The move triggered roughly $430 million in long liquidations on bitcoin-tracked futures - bets on higher prices automatically closed as the market fell.
No single catalyst caused the slide. A hawkish Federal Reserve, six consecutive weeks of ETF outflows, thinning summer liquidity, and quarter-end options expiry on June 30 have kept the market unsettled all week. Wintermute had flagged $59,000 as the bear-market low to watch.
The bounce came from outside crypto. Micron Technology reported quarterly earnings that shattered estimates, lifting its shares and the broader memory chip complex.
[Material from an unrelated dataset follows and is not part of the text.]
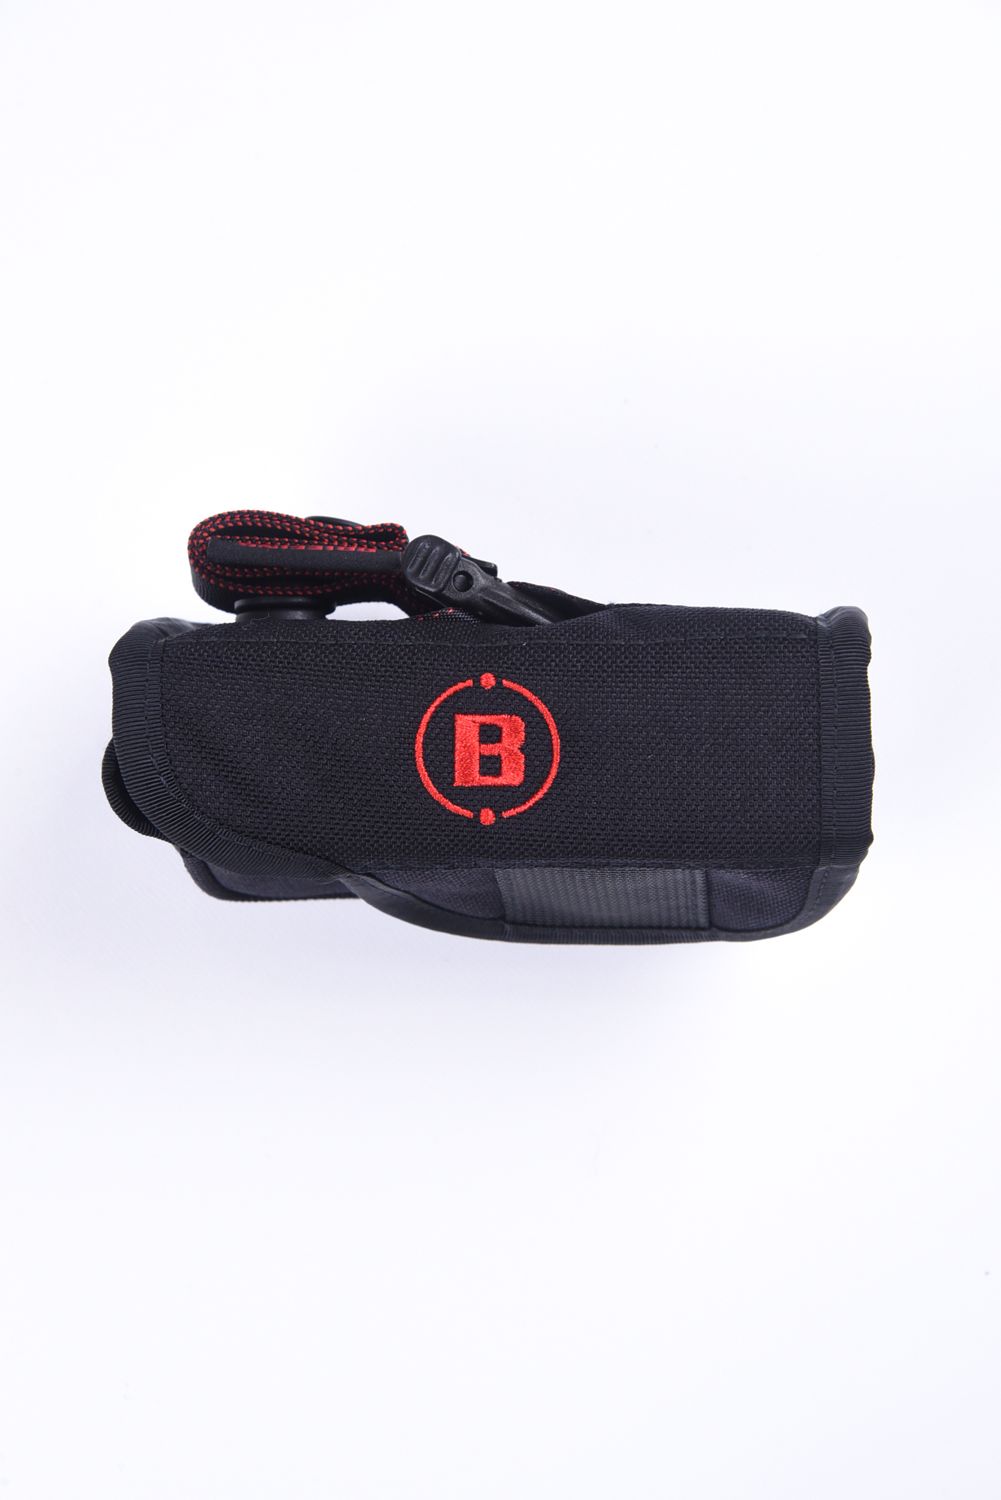 BRIEFING - 【1000Dコーデュラナイロン】 HALF MALLET PUTTER COVER

SK Hynix separately outlined a potential U.S. listing seeking around $29 billion. Samsung and Kioxia also rallied in Asian trading.
The AI chip trade that earlier rattled the Kospi is now steadying crypto, with Micron’s results confirming structural demand for AI memory. Quarter-end remains the week’s key risk. Bitcoin’s $59,000 low held, but $1.6 billion in leveraged long positions sit clustered below $58,000 - a break there would accelerate the drop. Thursday’s PCE inflation print, the Fed’s preferred gauge, is the next data point that could move the market in either direction.